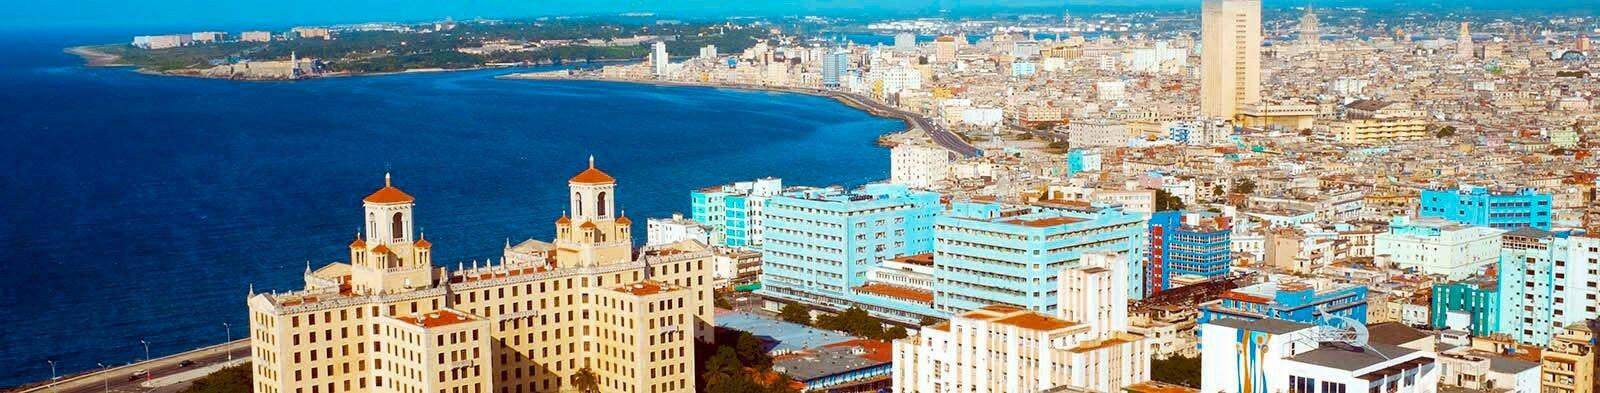 View over Havana / Cuba
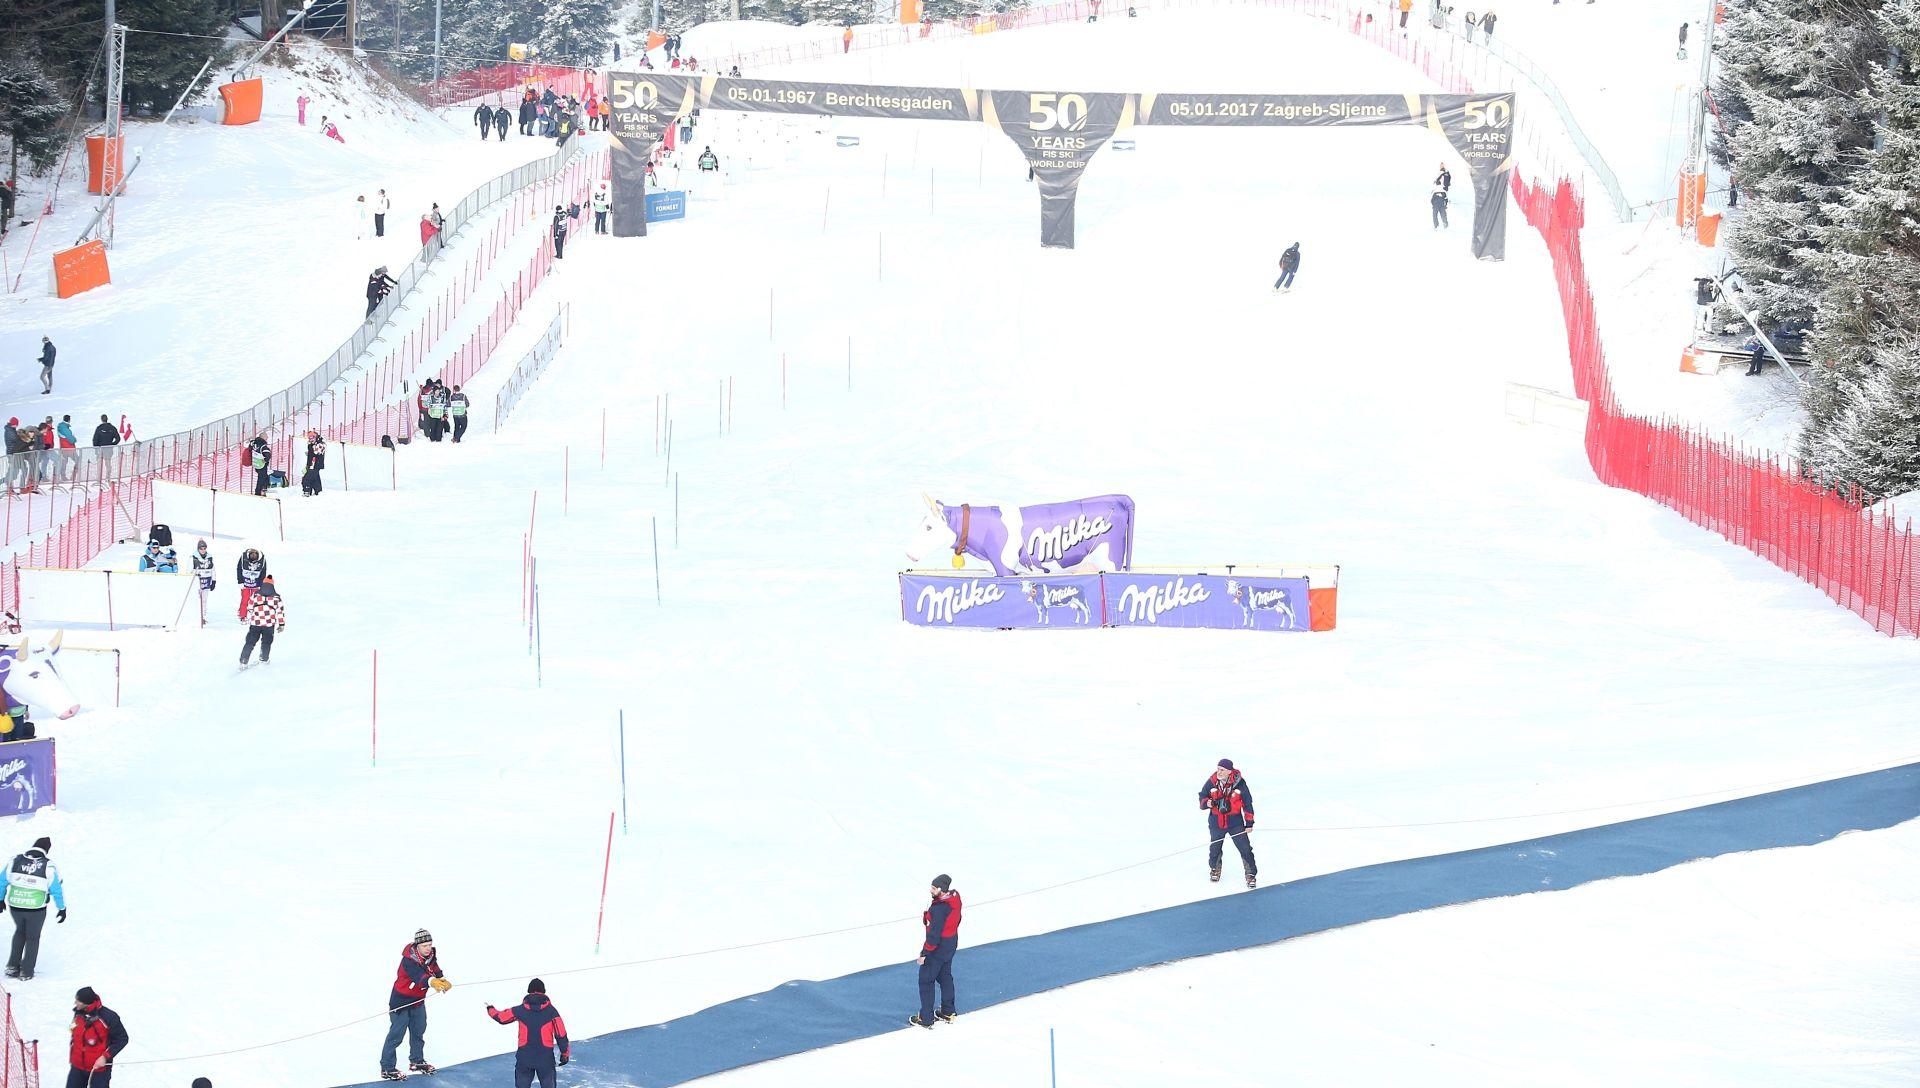 SNJEŽNA KRALJICA Odustala najbolja svjetska slalomašica Mikaela Shiffrin
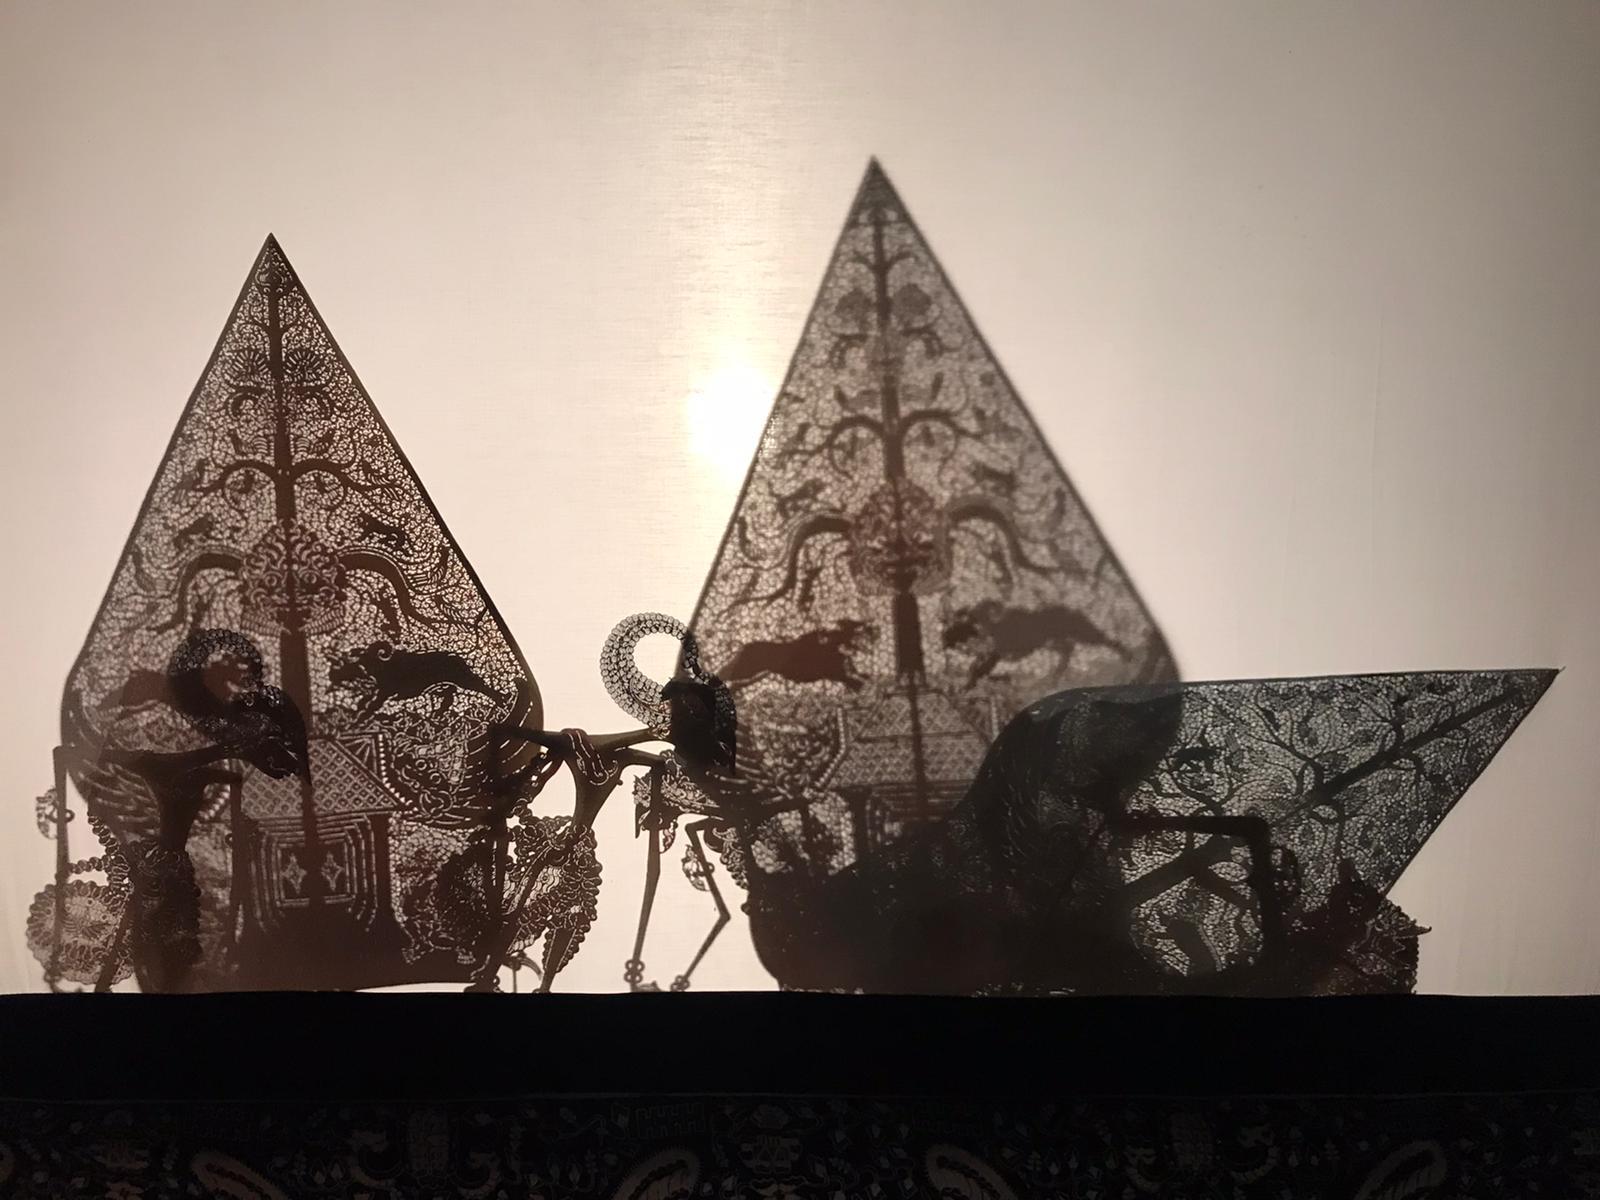 wayang kulit 1600x1200 wallpaper teahub io https www teahub io viewwp iomjiir wayang kulit

···

WHAT YOU ARE ASKED TO DO: A word-for-word copy of the data, without its pictures, is what is needed.

YOUR SOLUTION:
 View over Havana / Cuba
 SNJEŽNA KRALJICA Odustala najbolja svjetska slalomašica Mikaela Shiffrin
 wayang kulit 1600x1200 wallpaper teahub io https www teahub io viewwp iomjiir wayang kulit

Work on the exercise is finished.